In this paper, we have investigated protein folding optimization on the basis of a coarse-grained mode (i.e., the 3D off-lattice model) and an improved ABC algorithm. The underlying contributions of this paper are summarized as follows.

First, this work presents an application of a relatively new metaheuristic optimization technique. The optimization performance of BE-ABC algorithm is comprehensively evaluated by comparing it with several state-of-the-art ABC variants.

Second, 13 real protein sequences, rather than artificial sequences, are chosen for optimization. To the best of our knowledge, none of the previous works have conducted simulations in such a comprehensive manner. The simulated protein sequences and obtained optimization results form a benchmark case set, which can be used as a standard set by future researchers.

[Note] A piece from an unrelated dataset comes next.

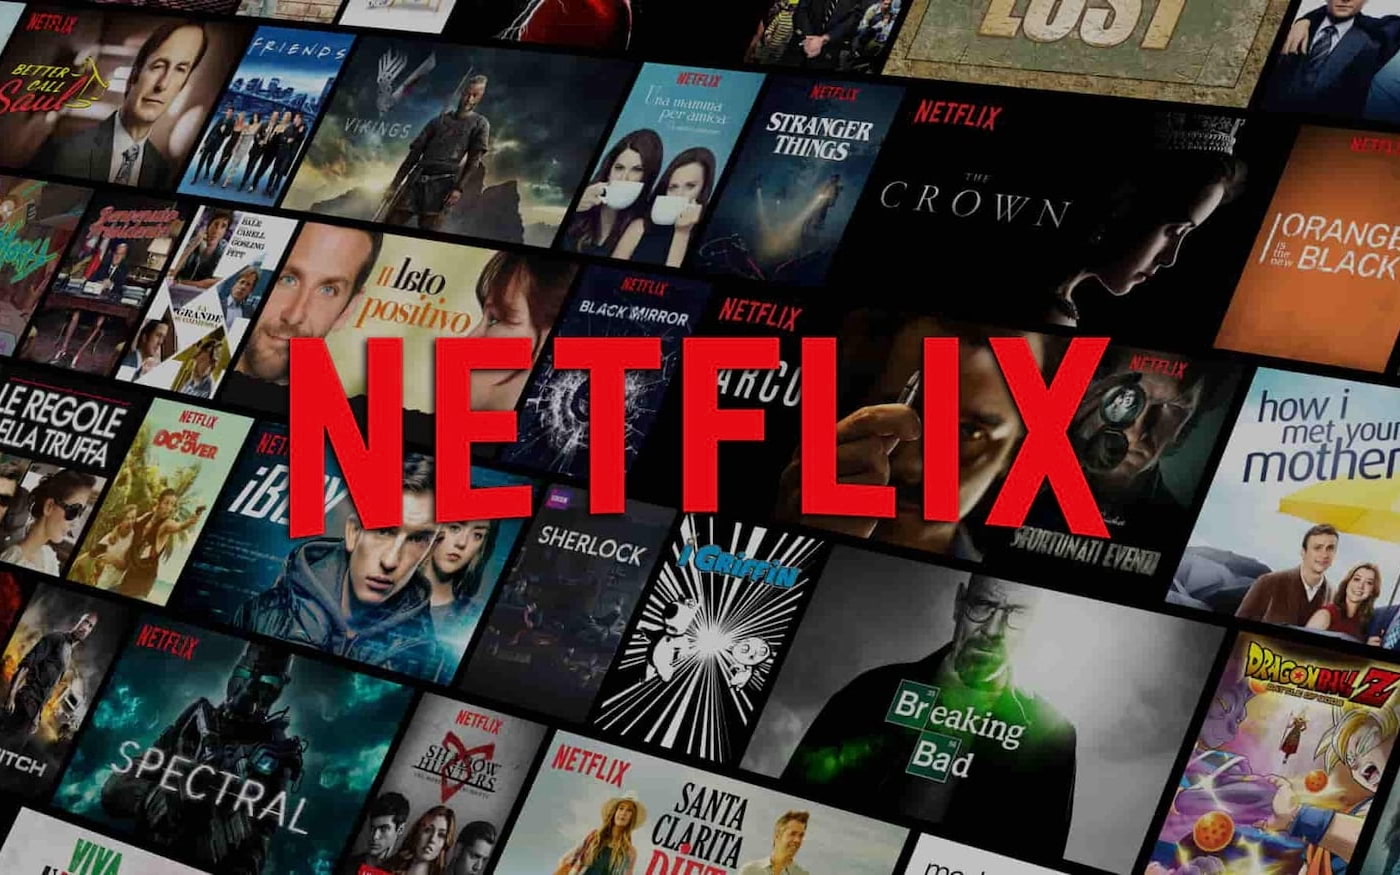 Fãs da Netflix odeiam popular filme por ser confuso demais

Last, the protein folding process is investigated on the basis of the off-lattice model through a viewpoint of evolution. Previous studies used their concerned optimization techniques to solve a numerical problem but quite few of those studies further investigated the efficiency of the off-lattice model. Simulation results in this study indicate that the off-lattice model provides a rough estimation of the folding process of proteins.

Investigations about how the optimized results benefit the area of molecular biology should be made through future studies. Effects are also needed to measure how close the optimized structures are to the existing ones in the PDB database and to reveal more details about the protein folding process.